- [Data shown]:
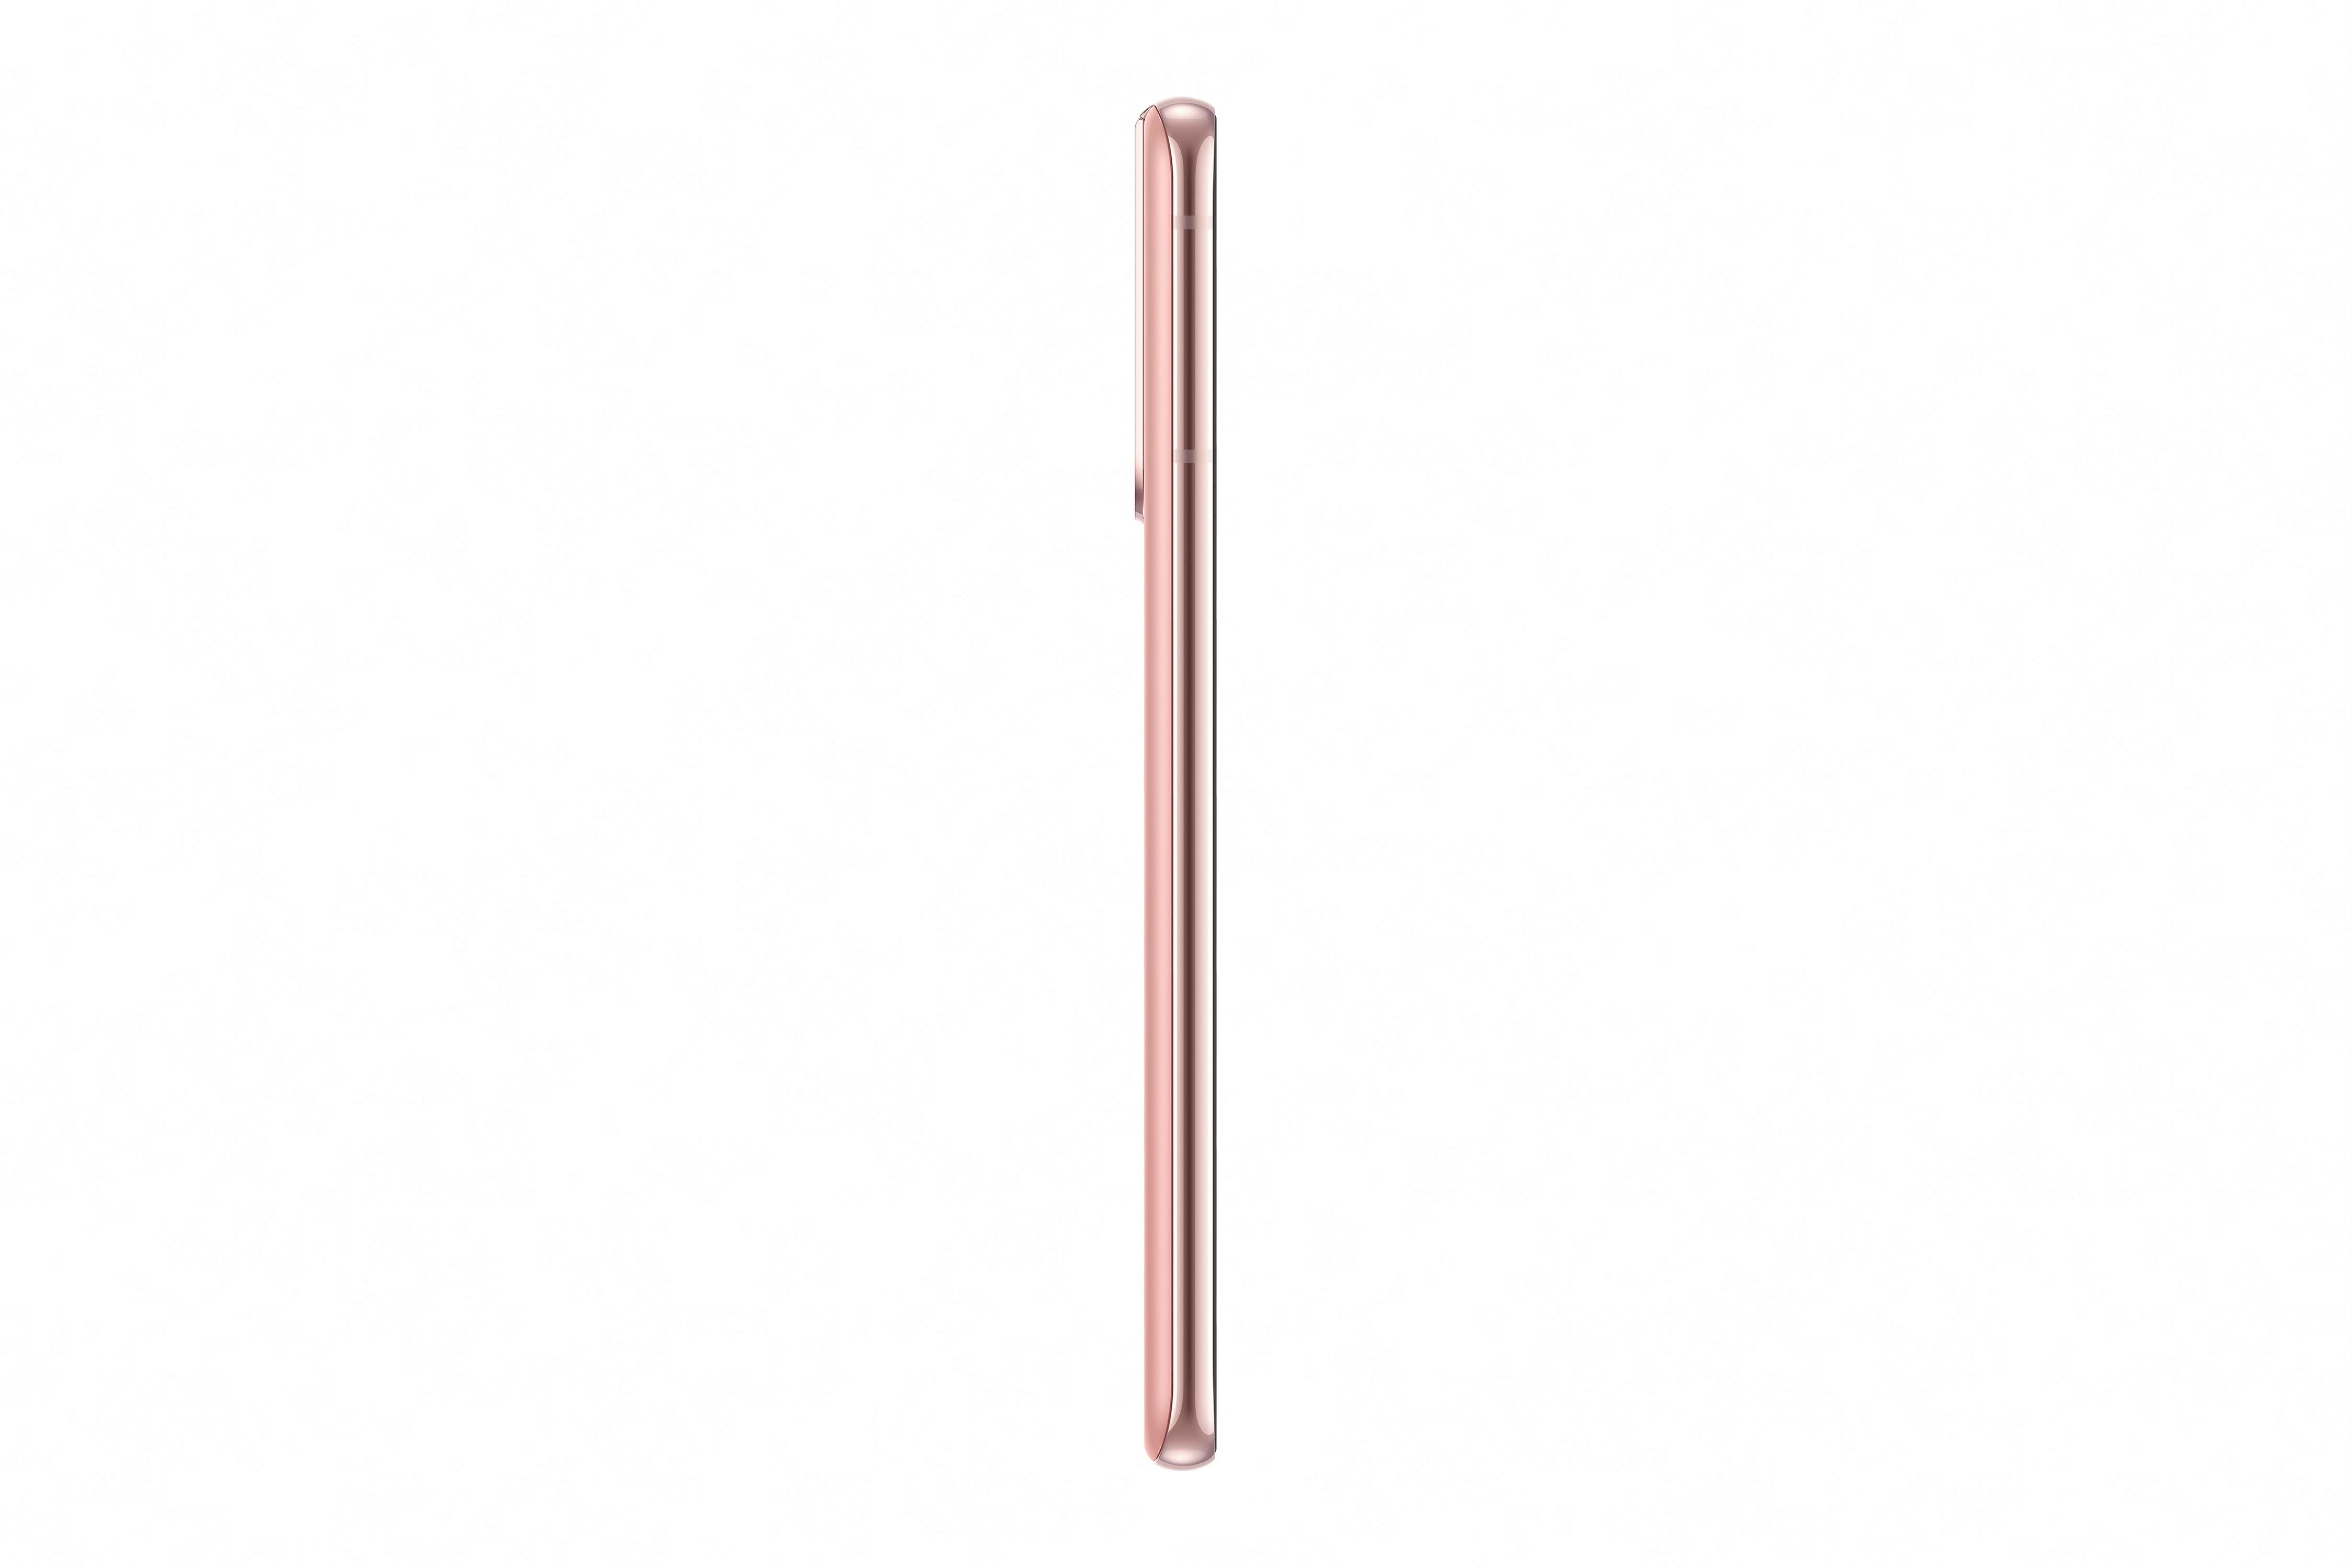 Samsung Galaxy S21 DUAL (SM-G991B) Pink - 5
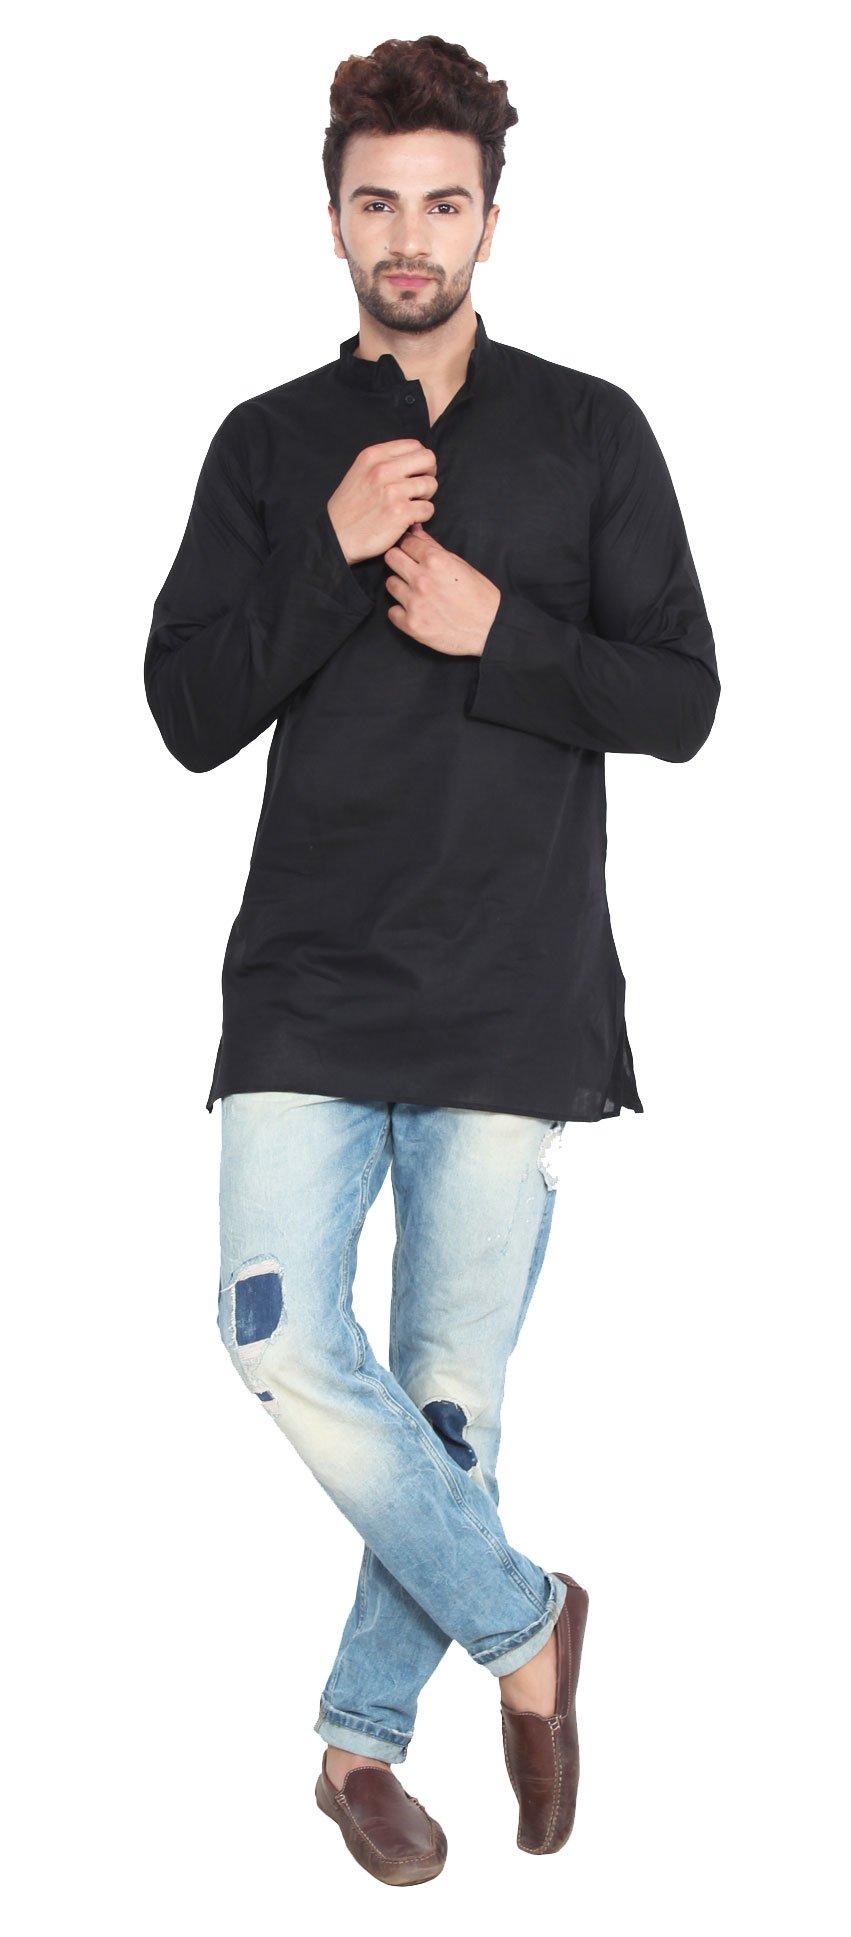 Cotton Dress Mens Short Kurta Shirt India Fashion Clothes (Black, M) by Maple Clothing (Image #2)
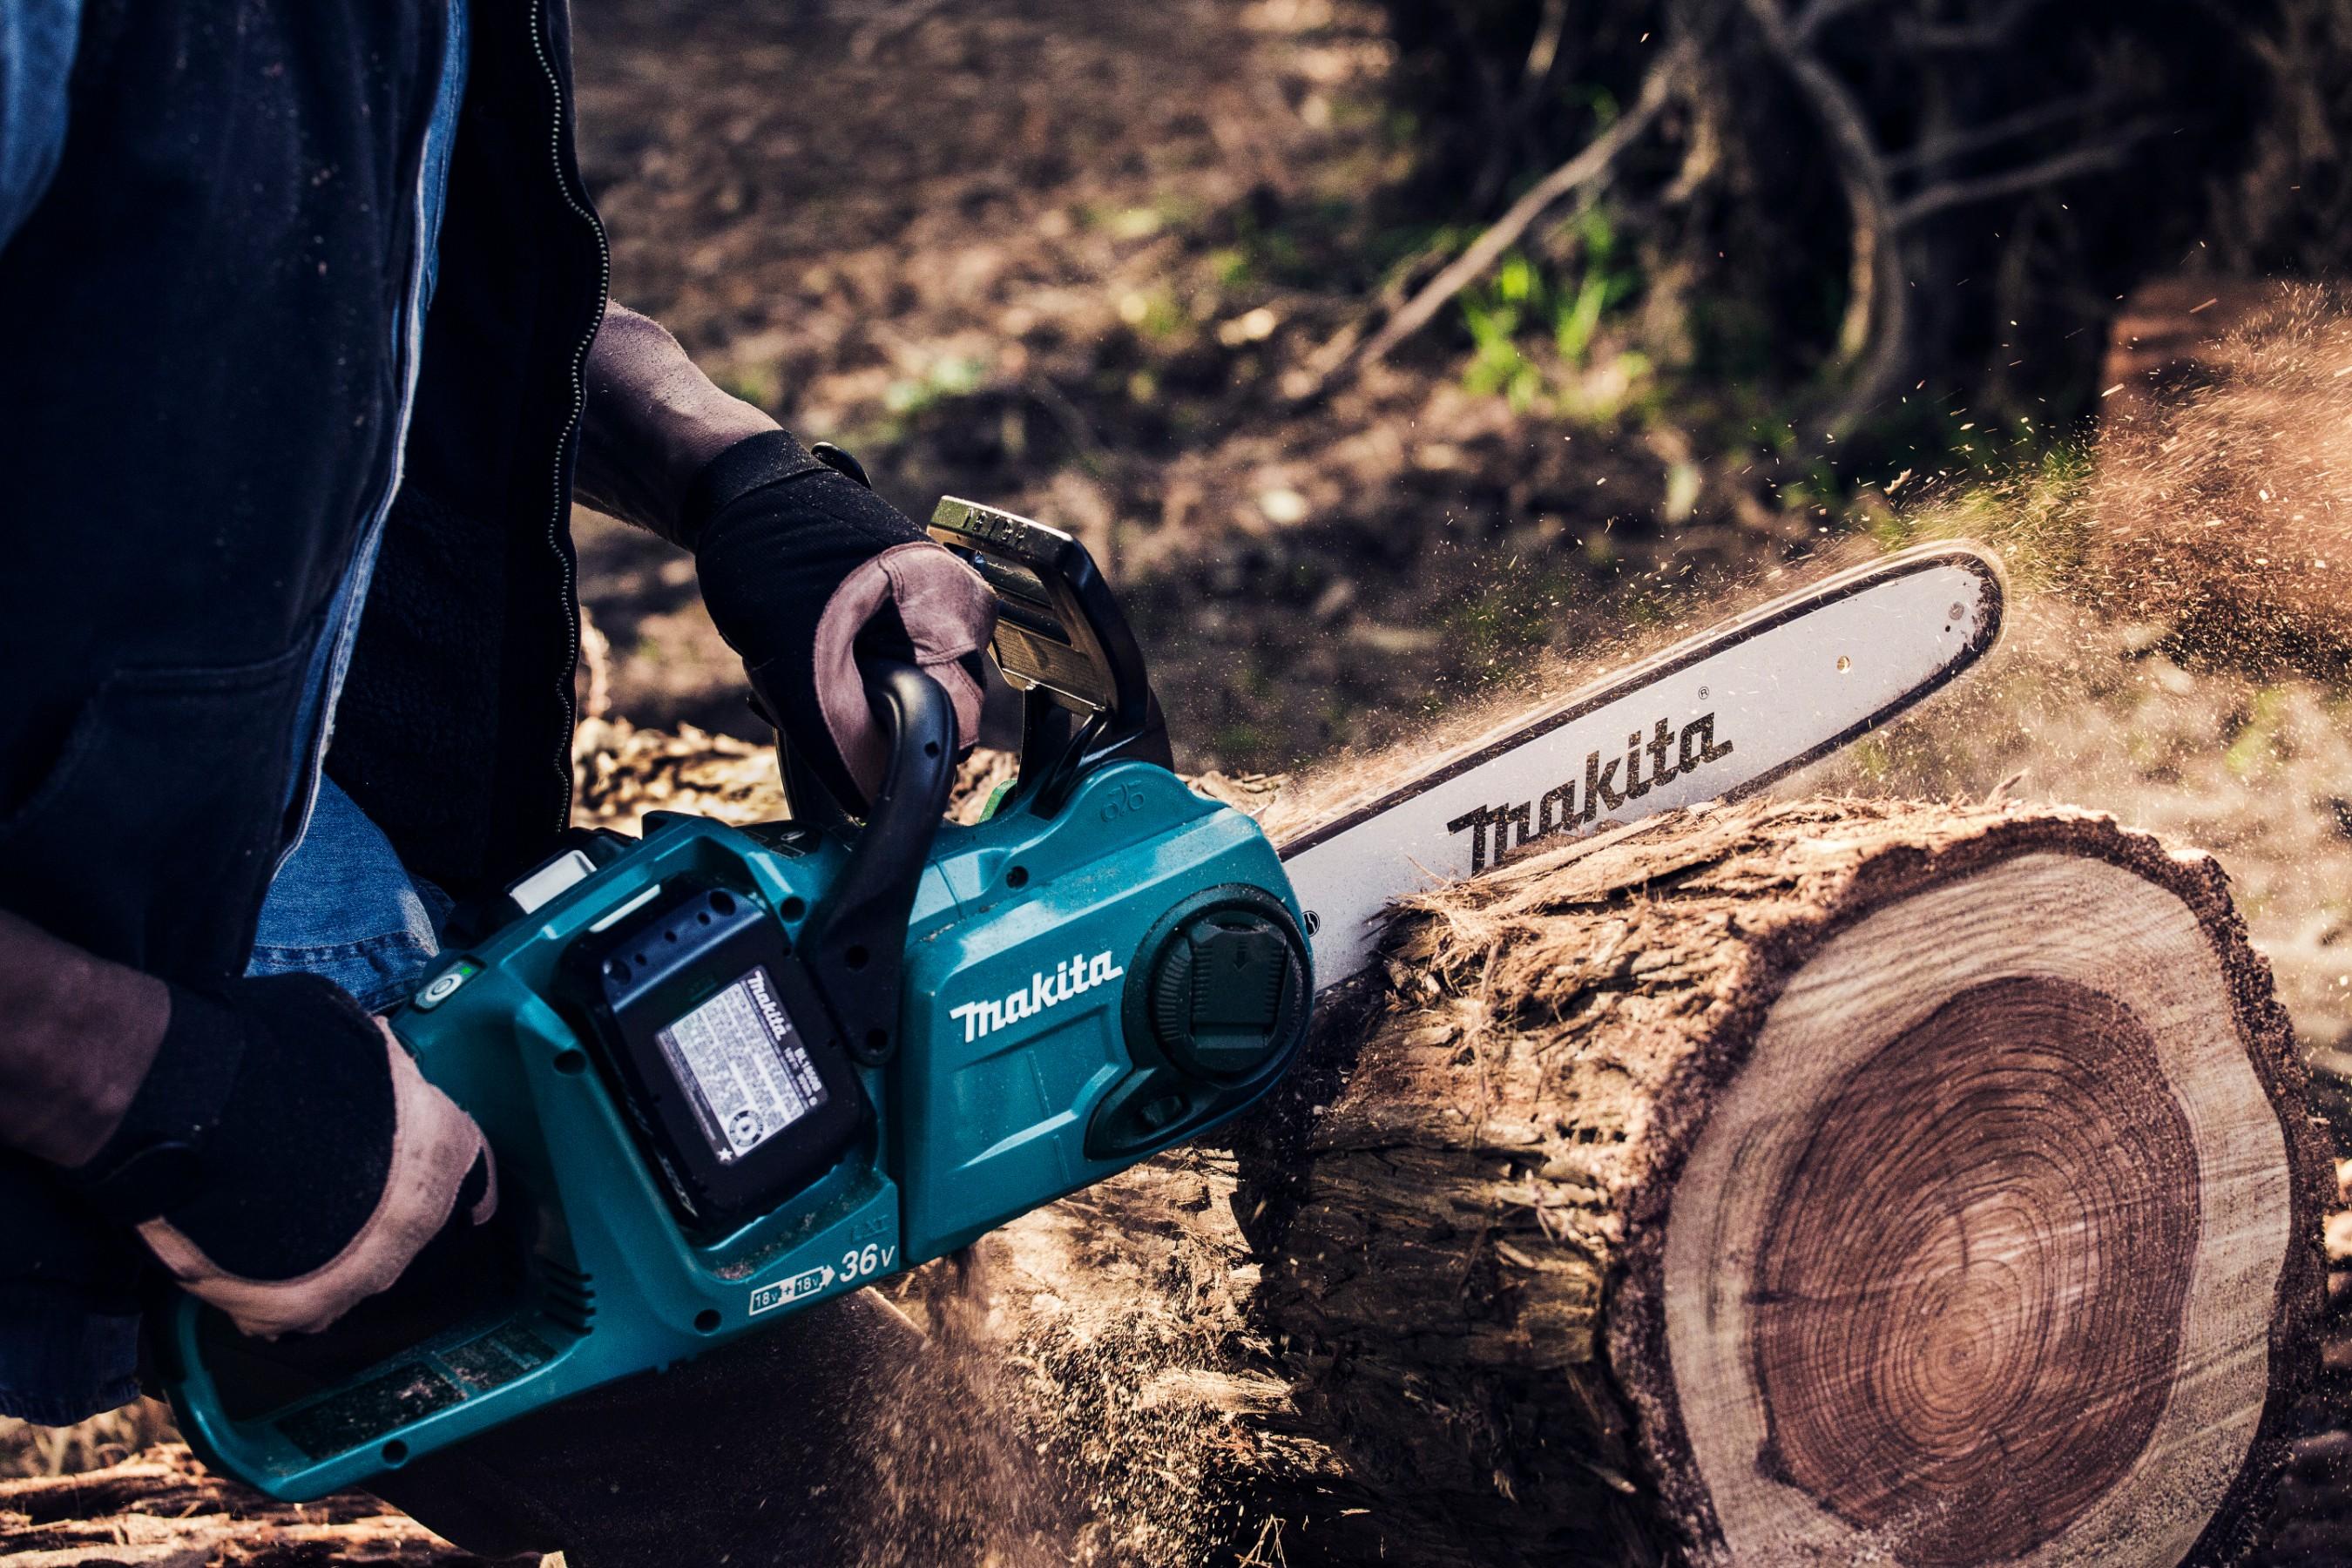 Makita LXT Cordless Chain Saw

- [Brief]:
Starting at the line that contains "Cotton Dress Mens", output every line through the end of the data, both ends included, and nothing else; pictures stay out.

- [Problem solution]:
 Cotton Dress Mens Short Kurta Shirt India Fashion Clothes (Black, M) by Maple Clothing (Image #2)
 Makita LXT Cordless Chain Saw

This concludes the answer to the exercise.